RESEARCH DESIGN AND METHODS Participants (n = 201) were randomized to aerobic, resistance, or combined training for 9 months. HbA1c, waist circumference, total and trunk fat mass, appendicular fat mass, lean body mass, isokinetic leg muscle strength, peak O2 uptake, and estimated METs were assessed at baseline and follow-up. Change in HbA1c was evaluated across quartiles of change in body composition and fitness.
RESULTS Change in HbA1c was associated with changes in body weight (r = 0.13, P = 0.052), waist circumference (r = 0.17, P = 0.013), trunk fat mass (r = 0.19, P = 0.005), and estimated METs (r = −0.16, P = 0.023). There was a trend in change in HbA1c across quartiles of waist circumference (P = 0.011), trunk fat mass (P = 0.020), and estimated METs (P = 0.011). Participants with increased estimated METs and reduced trunk fat mass had greater odds of having reduced HbA1c after training (3.48, 1.46–8.31). Finally, participants with increased estimated METs and reduced waist circumference were 2.81 (1.13–6.98) times more likely to have reduced HbA1c and type 2 diabetes medication use than those without improved fitness and central adiposity.
CONCLUSIONS In patients with type 2 diabetes, a reduction in central adiposity and increase in fitness were the most prominent predictors of the change in HbA1c in response to exercise training.
Hemoglobin A1c (HbA1c) is the most widely used indicator of glucose control in individuals with type 2 diabetes, and exercise training is recommended along with standard care to improve glucose control and overall health status (1–5). Strong evidence from our data (6) and that of others (7,8) has established that a combination of aerobic and resistance training is effective in reducing HbA1c, whereas still others have reported that this combination is more effective than aerobic training or resistance training alone (7). However, only few studies specifically address what changes in cardiometabolic factors of exercise training (i.e., changes in cardiorespiratory fitness, muscle strength, body composition) are associated with improvement in HbA1c (9–12).
Previous studies have found that reductions in fat mass (10) and central adiposity (9,11) and increases in fitness (11,12) and muscle strength (12,13) are associated with reductions in HbA1c after exercise training. In a large (n = 251) randomized trial, Larose et al. (12) found that change in cardiorespiratory fitness was the strongest predictor of change in HbA1c after aerobic and aerobic combined with resistance training. However, with resistance training only, the change in muscle strength was the strongest predictor of the change in HbA1c. In a smaller sample (n = 40), Bacchi et al. (11) showed that an increase in fitness and a reduction in trunk fat mass result in the largest decrease in HbA1c after aerobic or resistance training alone in individuals with type 2 diabetes. Of note, previous studies evaluating the effects of body fat distribution, muscle strength, and fitness on long-term glucose control generally are limited by the absence of a control group (11), a small sample size (8), or a homogeneous study population (9). Herein, we performed secondary analyses based on data from the Health Benefits of Aerobic and Resistance Training in Individuals with Type 2 Diabetes (HART-D) trial, which investigated the contribution of 9 months of aerobic training, resistance training, or a combination of both interventions on changes in HbA1c. Although the purpose of the original HART-D trial (6) was to evaluate the effect of exercise, the current study expands on the previous findings by investigating the predictors of change in HbA1c in individuals with type 2 diabetes. Therefore, the primary aim of this study was to investigate the association between changes in body composition and fat distribution, leg muscle strength, and cardiorespiratory fitness and change in HbA1c.

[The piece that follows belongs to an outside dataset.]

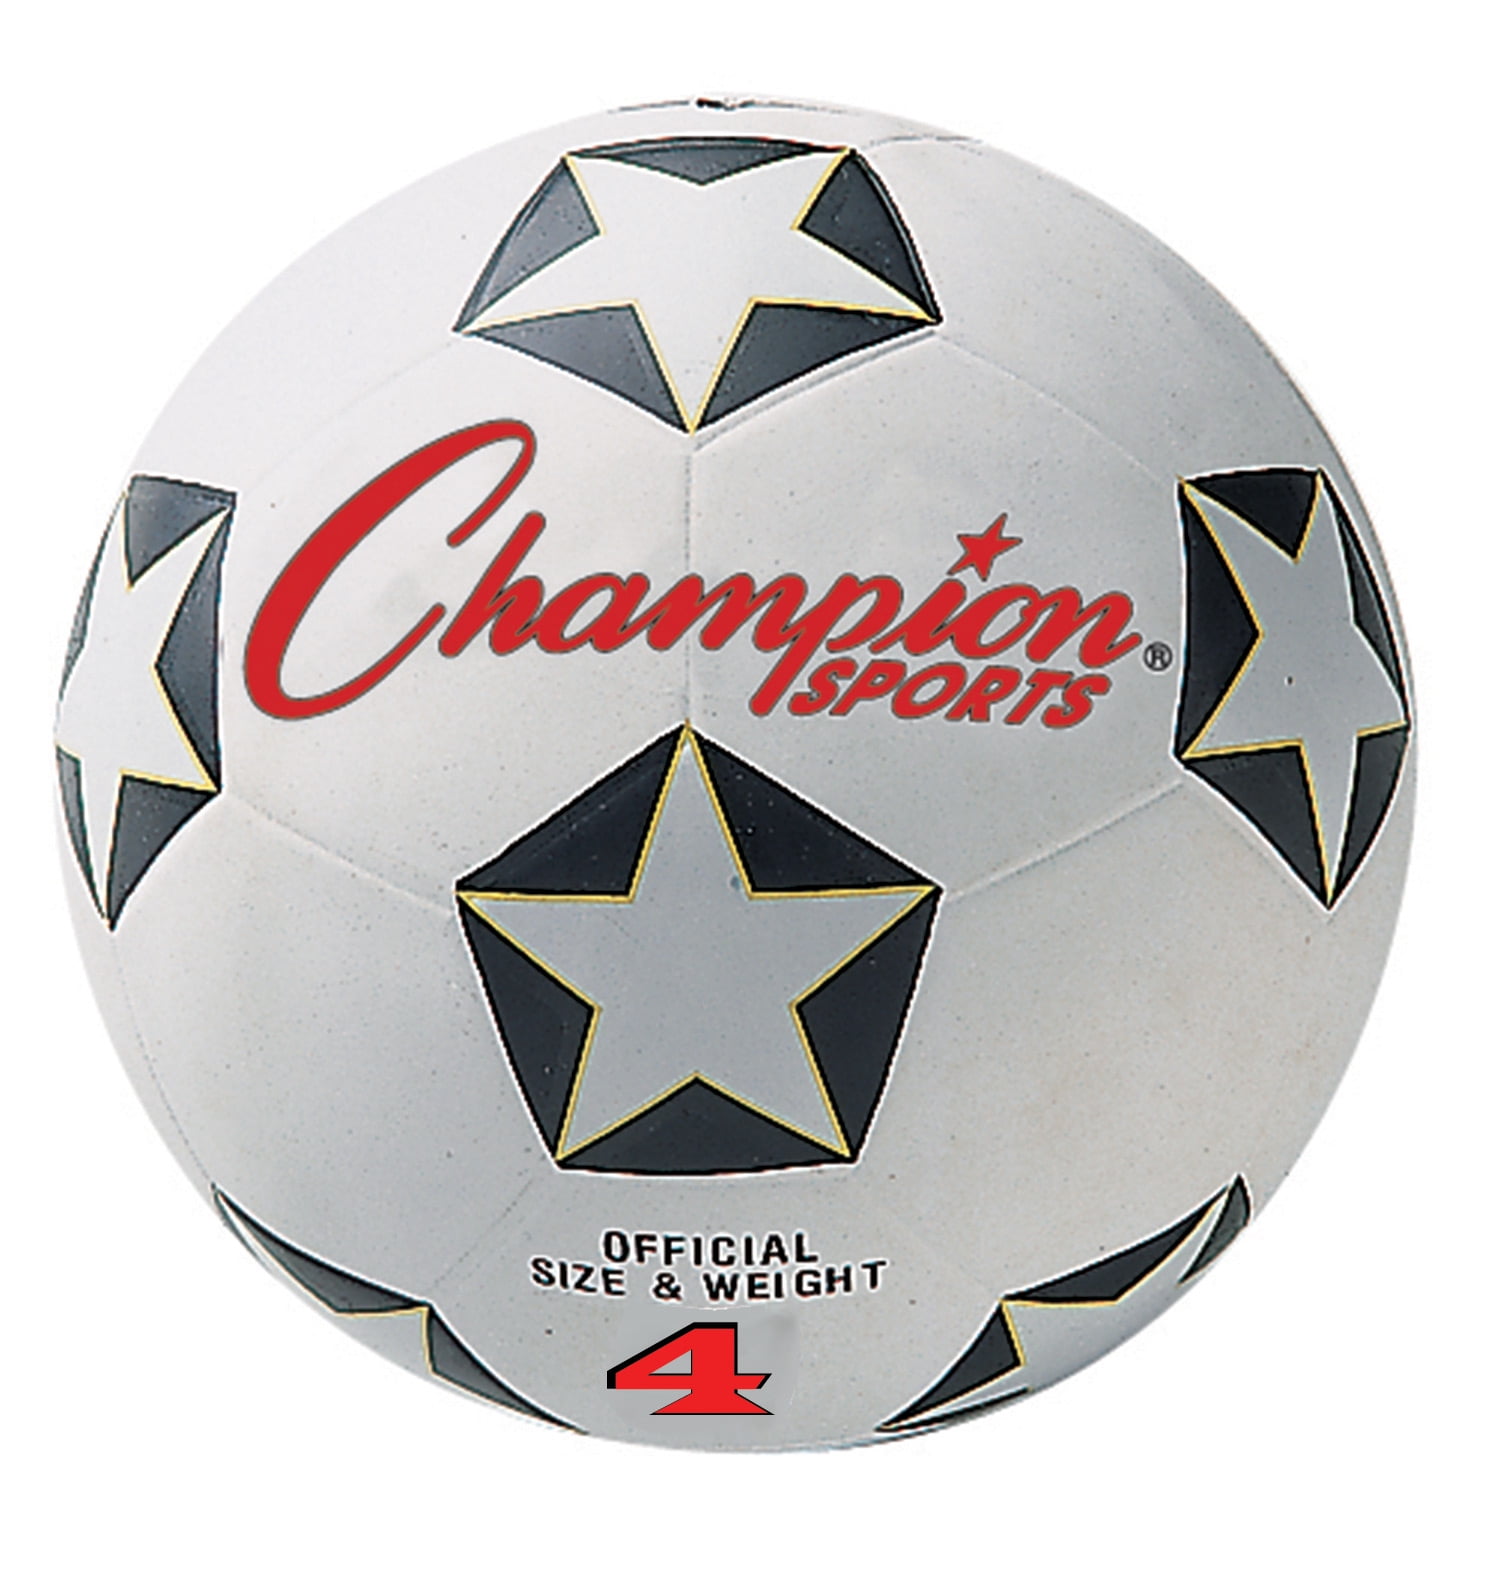 Blue/White Size 3 Champion Sports Challenger Soccer Ball

RESEARCH DESIGN AND METHODS
The full methodology for HART-D has been previously described in the main outcomes paper (6). Briefly, the HART-D study enrolled 262 sedentary individuals aged 30–75 years with type 2 diabetes. Participants were excluded if they had a BMI of ≥48.0 kg/m2, blood pressure ≥160/100 mmHg, fasting triglyceride level ≥500 mg/dL, urine protein level >100 mg/dL, and serum creatinine level >1.5 mg/dL; used an insulin pump; or had a history of stroke, advanced neuropathy or retinopathy, or any serious medical condition that prevented them from adhering to the protocol or exercising safely. Demographic information was collected by self-report questionnaire. Information about type 2 diabetes medications (dose and class) were documented with a detailed questionnaire and confirmed by a visual inspection of the medication bottle. The Pennington Biomedical Research Center institutional review board annually approved the protocol, and all participants provided written informed consent.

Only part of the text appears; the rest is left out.